俩孩子终于睡沉,儿童房的门轻轻合上,客厅里只剩暖黄小灯晕着光,连呼吸声都放得轻缓。刘宇宁窝在沙发最角落,长腿委屈地蜷着,平日里总是挺直的肩背垮下来,垂着眼摆弄指尖,耳尖一直泛着淡粉,半点没有舞台上唱跳时的飒爽气场,活脱脱一只被全家“冷落”、耷拉着耳朵的大金毛,连头发丝都透着蔫蔫的委屈。
赵敏放轻脚步走过来,没出声打扰,只是挨着他坐下,指尖轻轻碰了碰他的手背。

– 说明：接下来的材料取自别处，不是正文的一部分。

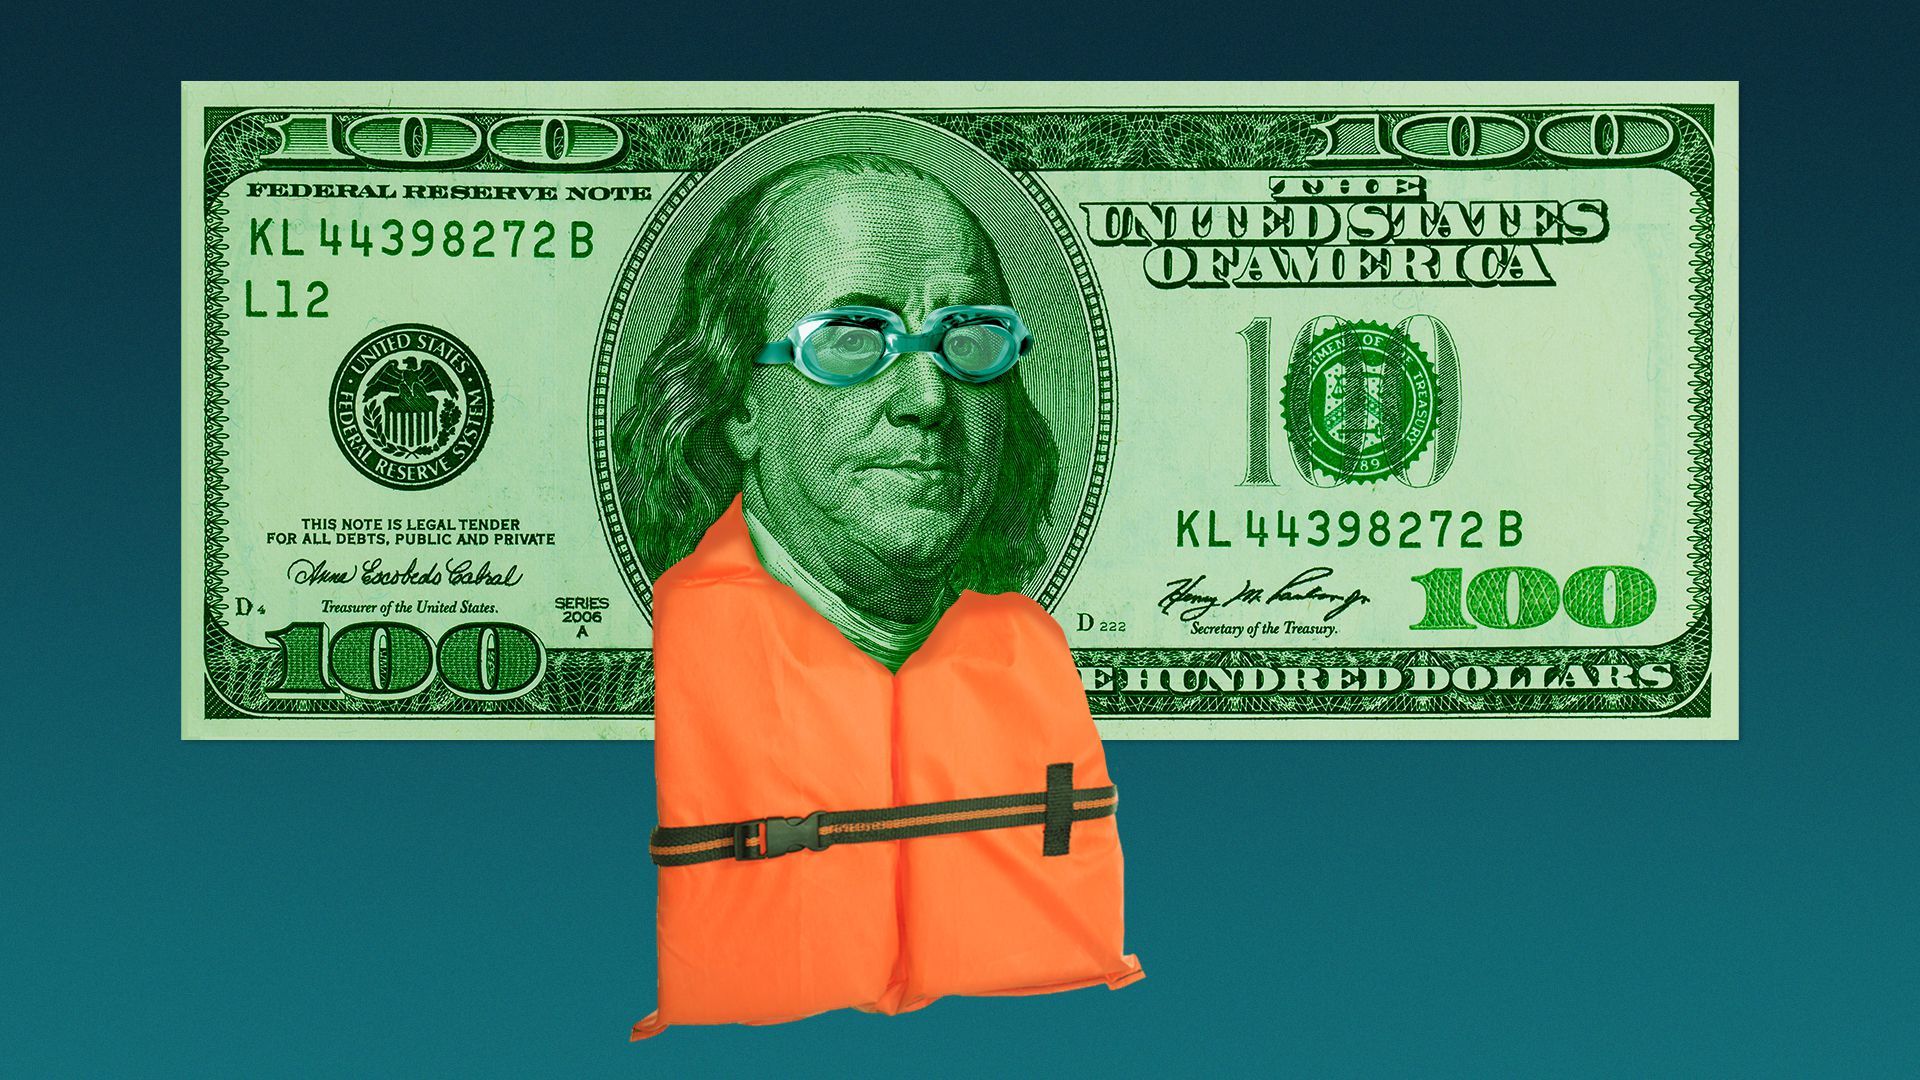  Illustration of Ben Franklin wearing a life jacket and goggles
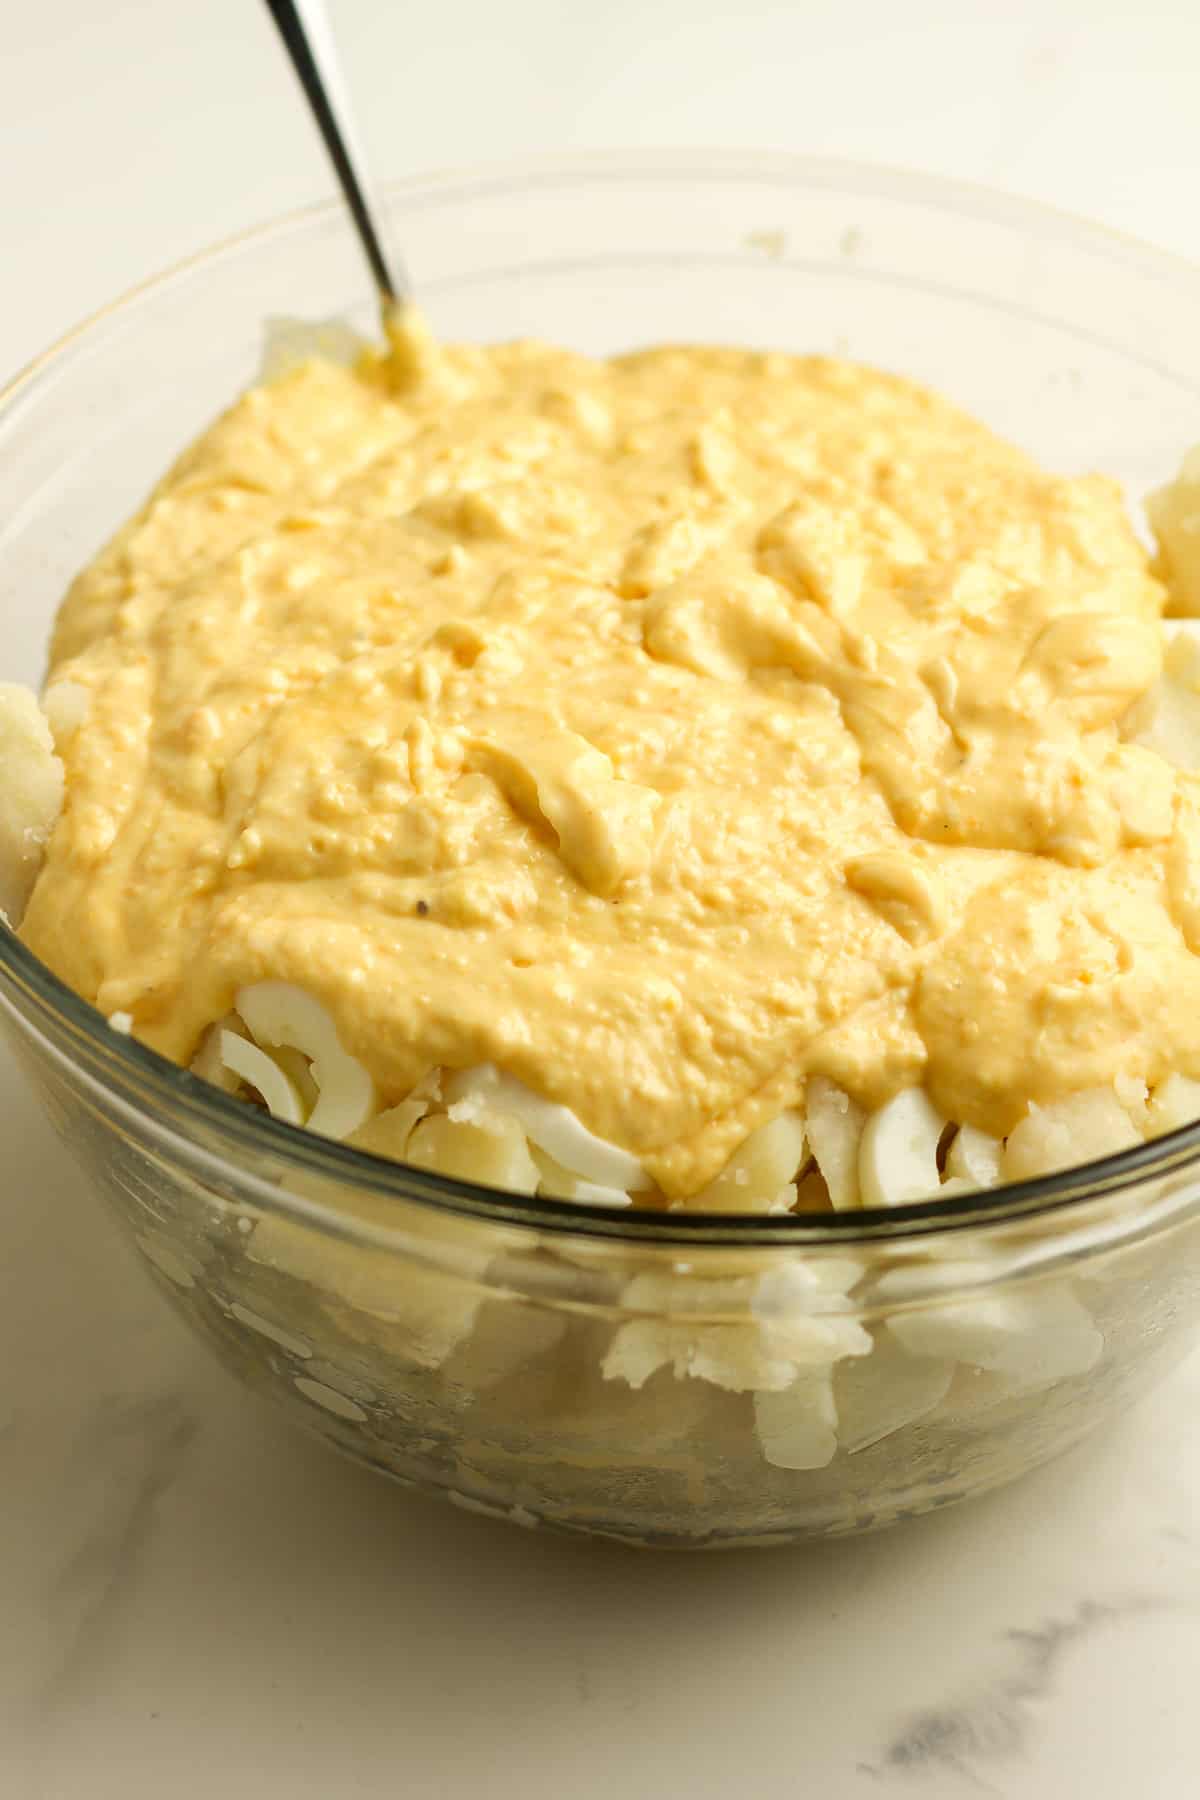 Side view of the potato salad before mixing together.

他身子微微一僵,下意识抬眼,眼底还蒙着一层淡淡的低落,长睫颤了颤,刚对上她的目光,又有点不好意思地别开,耳尖的粉色却更浓了,连脖颈都漫上一点浅红。
“还在跟孩子们置气呀?”赵敏声音放得极柔,是从不会在外人面前展露的软糯宠溺,她微微倾身,伸手帮他把垂在额前的碎发别到耳后,指尖轻轻蹭过他泛红的耳尖。
刘宇宁喉结轻轻滚了滚,没好意思说自己是真委屈,只是闷闷地哼了一声,身子却不受控制地往她那边靠,动作带着点笨拙的小心翼翼,不敢太黏人,却又忍不住想靠近。他一米八八的大个子,缩在她身侧,显得格外乖巧温顺,全然没了平日里的嘴硬,连委屈都藏着几分害羞。
赵敏看他这副别扭又软萌的样子,心头软得一塌糊涂,索性主动往他身边凑了凑,伸手轻轻环住他的腰。感受到她的温度,刘宇宁再也绷不住,慢慢抬起胳膊,小心翼翼地圈住她的后背,力道很轻,生怕惊扰到她,然后慢慢把脑袋埋进她的颈窝,脸颊轻轻蹭了蹭她的肩窝,像只寻求安抚的大狗狗,软乎乎的,带着满满的依赖。
“别委屈啦,”赵敏轻轻拍着他的后背,指尖顺着他的发丝慢慢梳理,温柔又耐心,“昭昭总跟我说,爸爸唱歌最好听,安安也总跟小朋友炫耀,自己有个超厉害的明星爸爸,他们只是年纪小,黏我惯了,心里最崇拜的人是你。”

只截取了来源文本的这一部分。